→ Exercise instructions: The required output is every line from the one containing "Splitsecond velocity Xbox 360" through the last line of the listing below, copied exactly, pictures excluded.

→ Stored data:
*-*-*

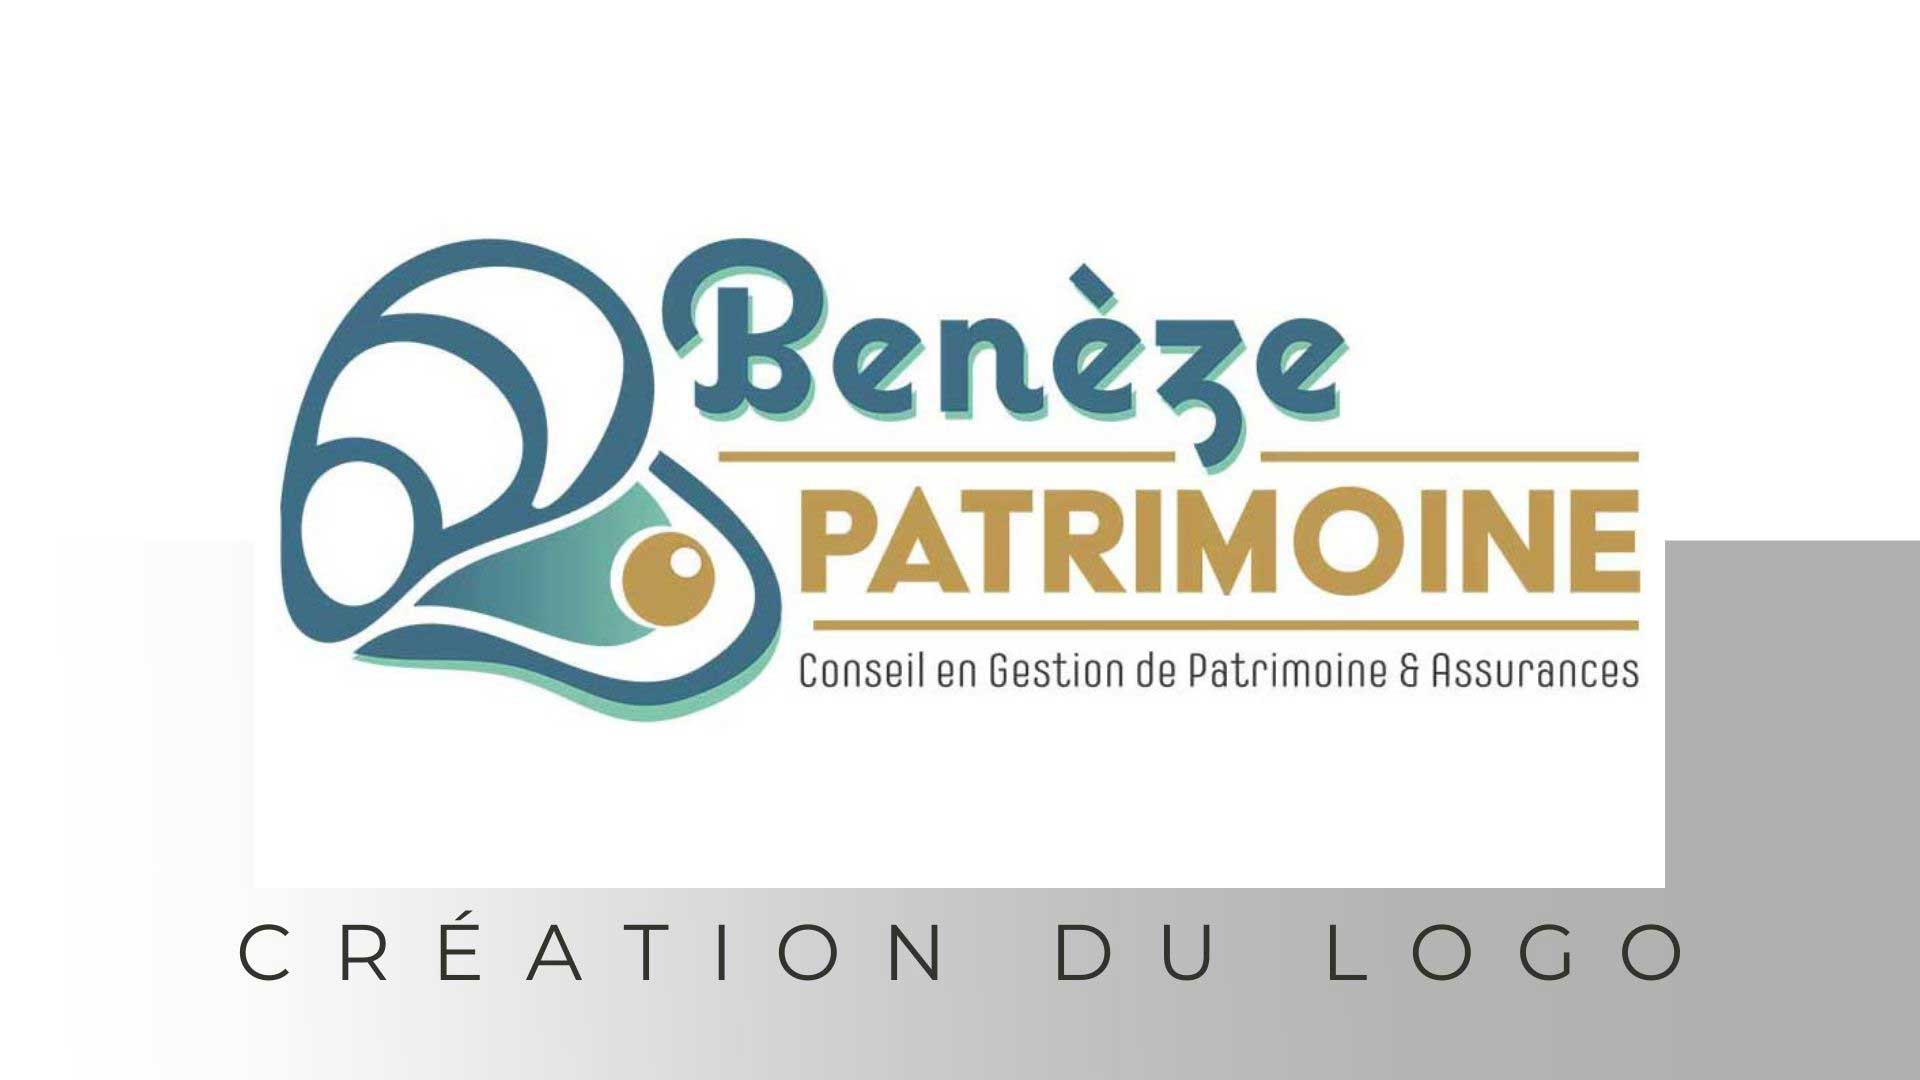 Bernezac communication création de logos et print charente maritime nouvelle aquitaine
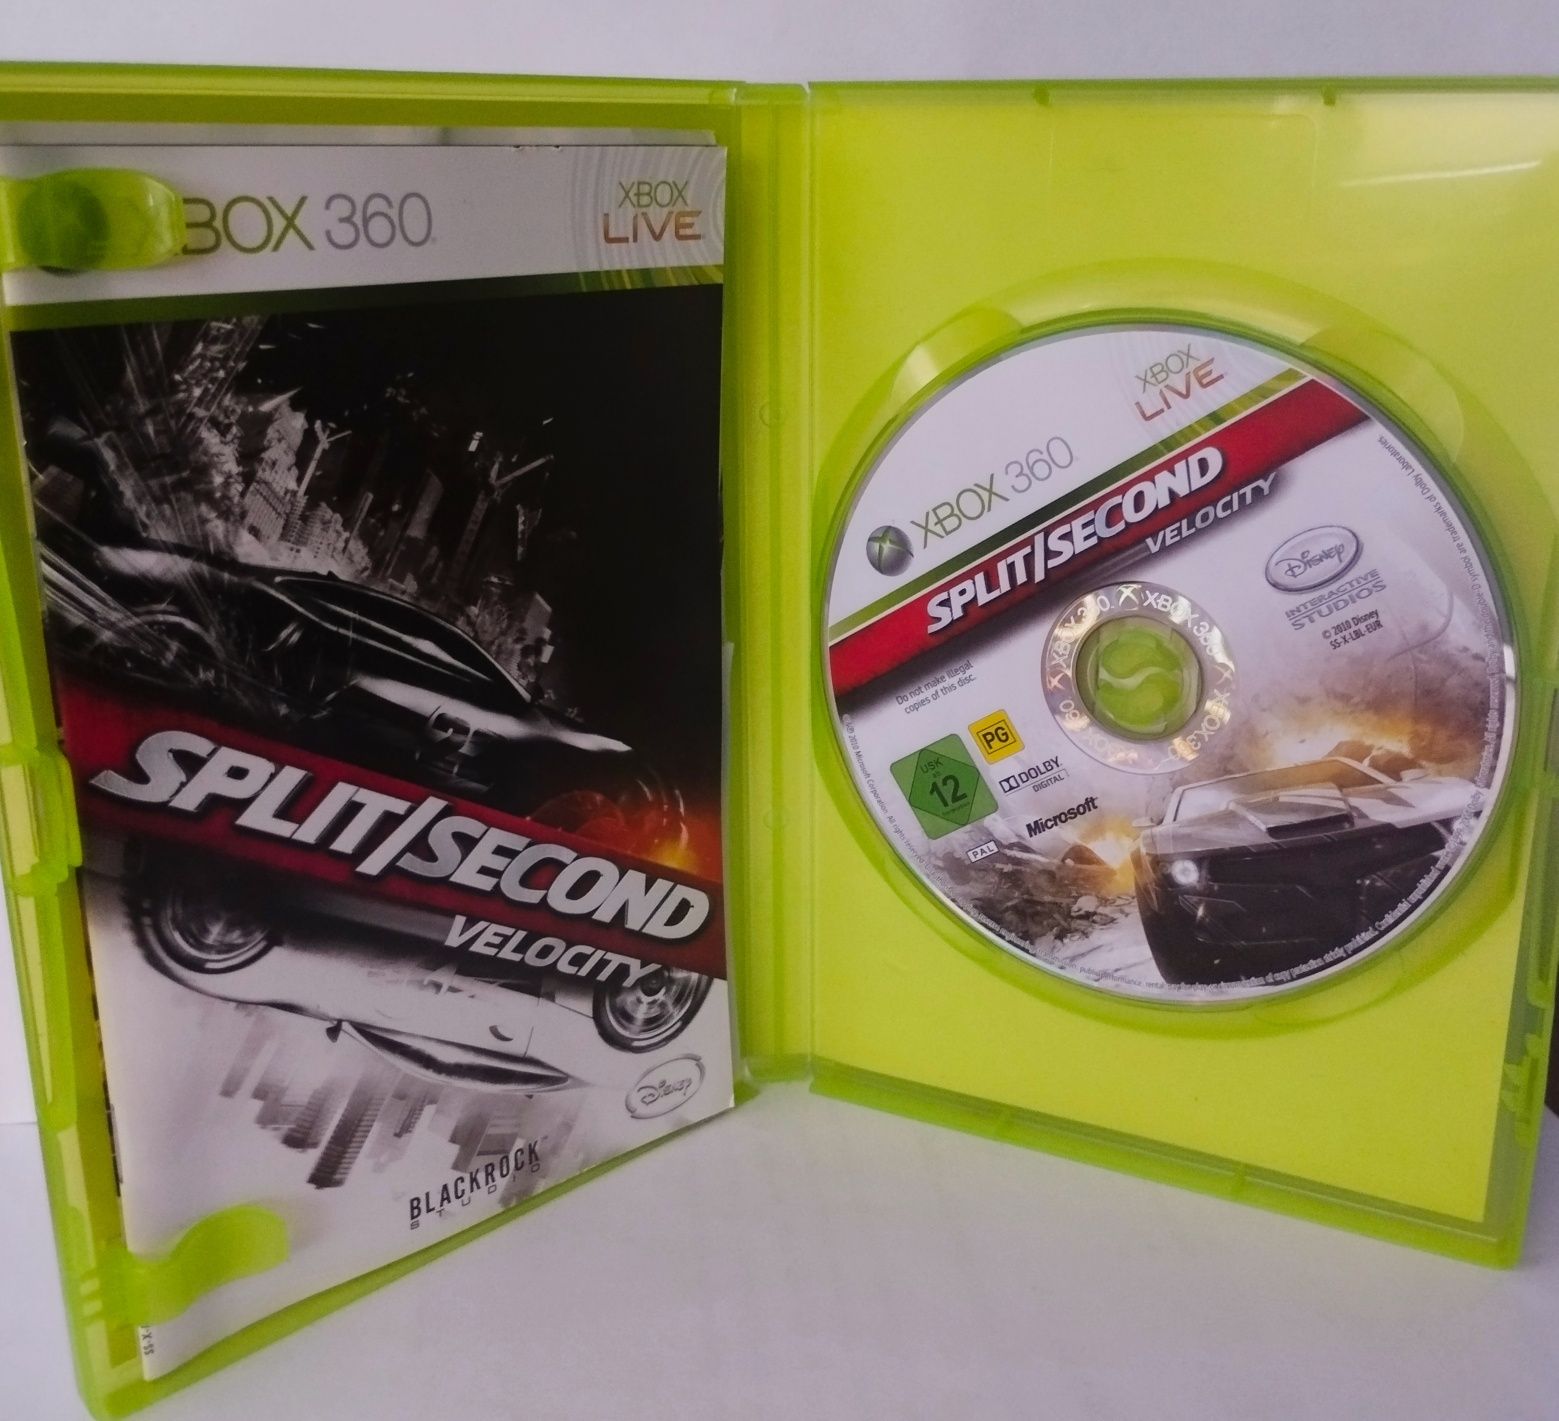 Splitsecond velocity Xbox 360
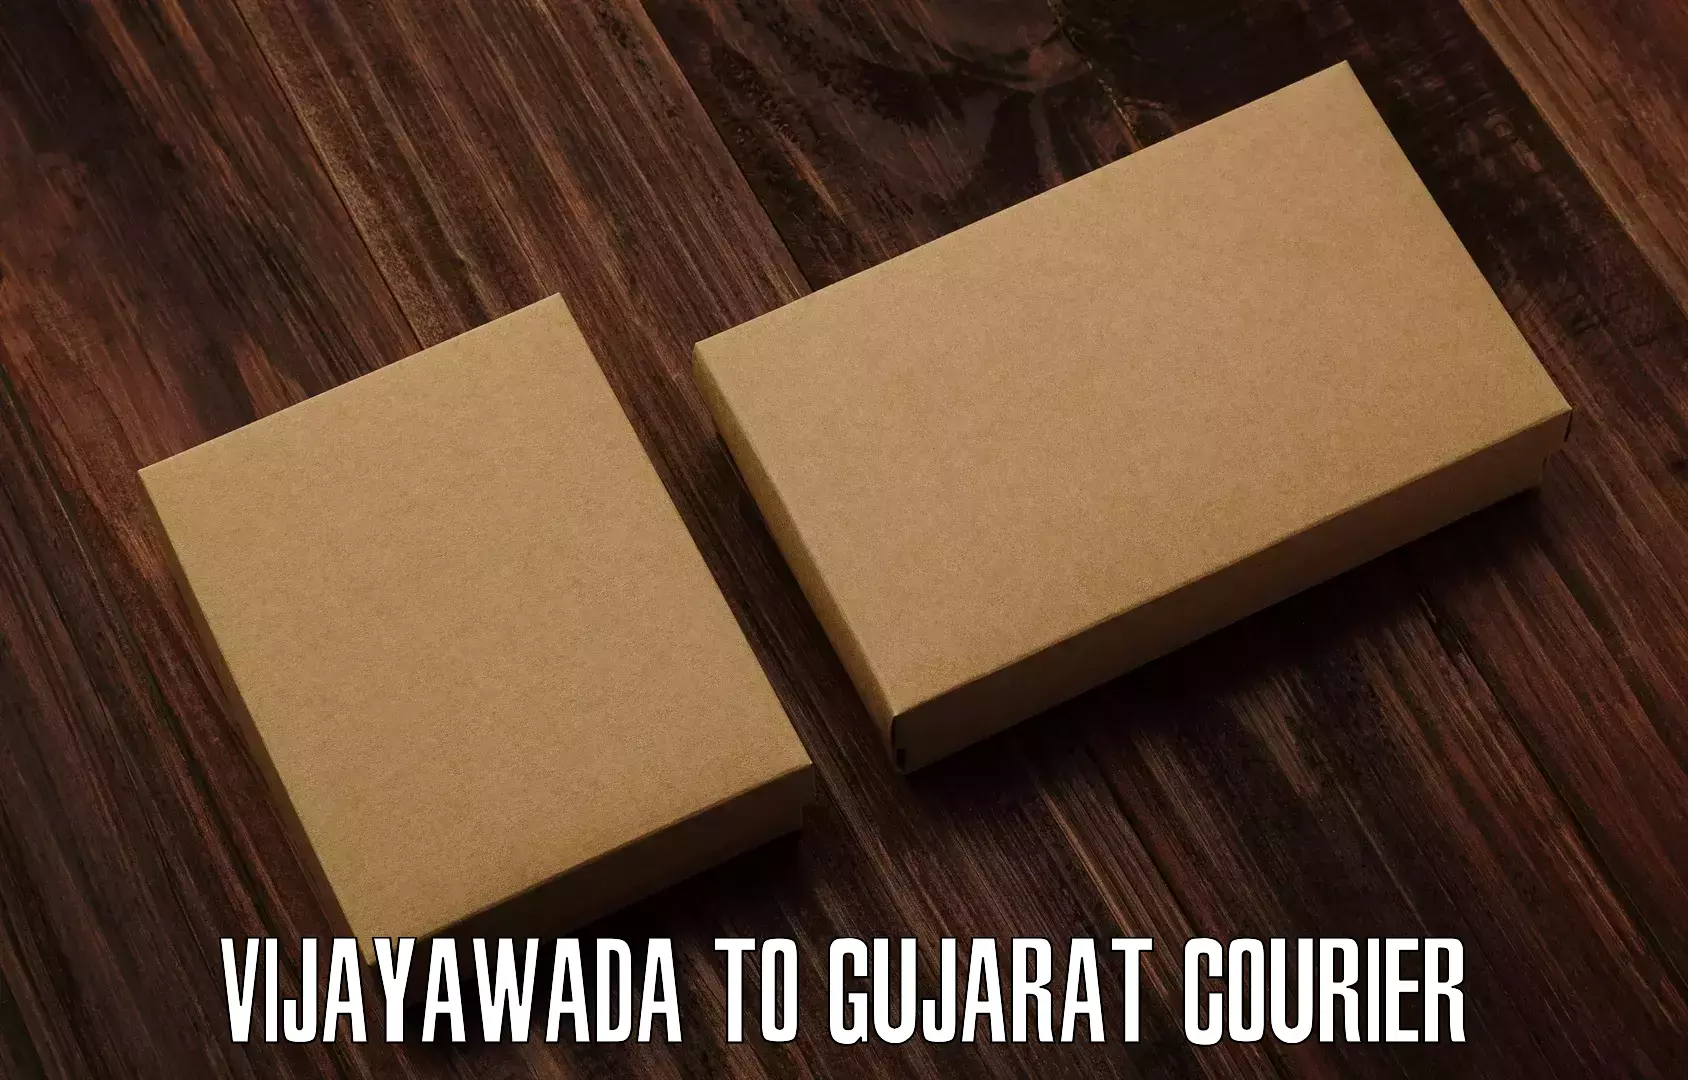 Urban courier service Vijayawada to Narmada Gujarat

*-*-*

→ Response to the task:
 Splitsecond velocity Xbox 360
 Urban courier service Vijayawada to Narmada Gujarat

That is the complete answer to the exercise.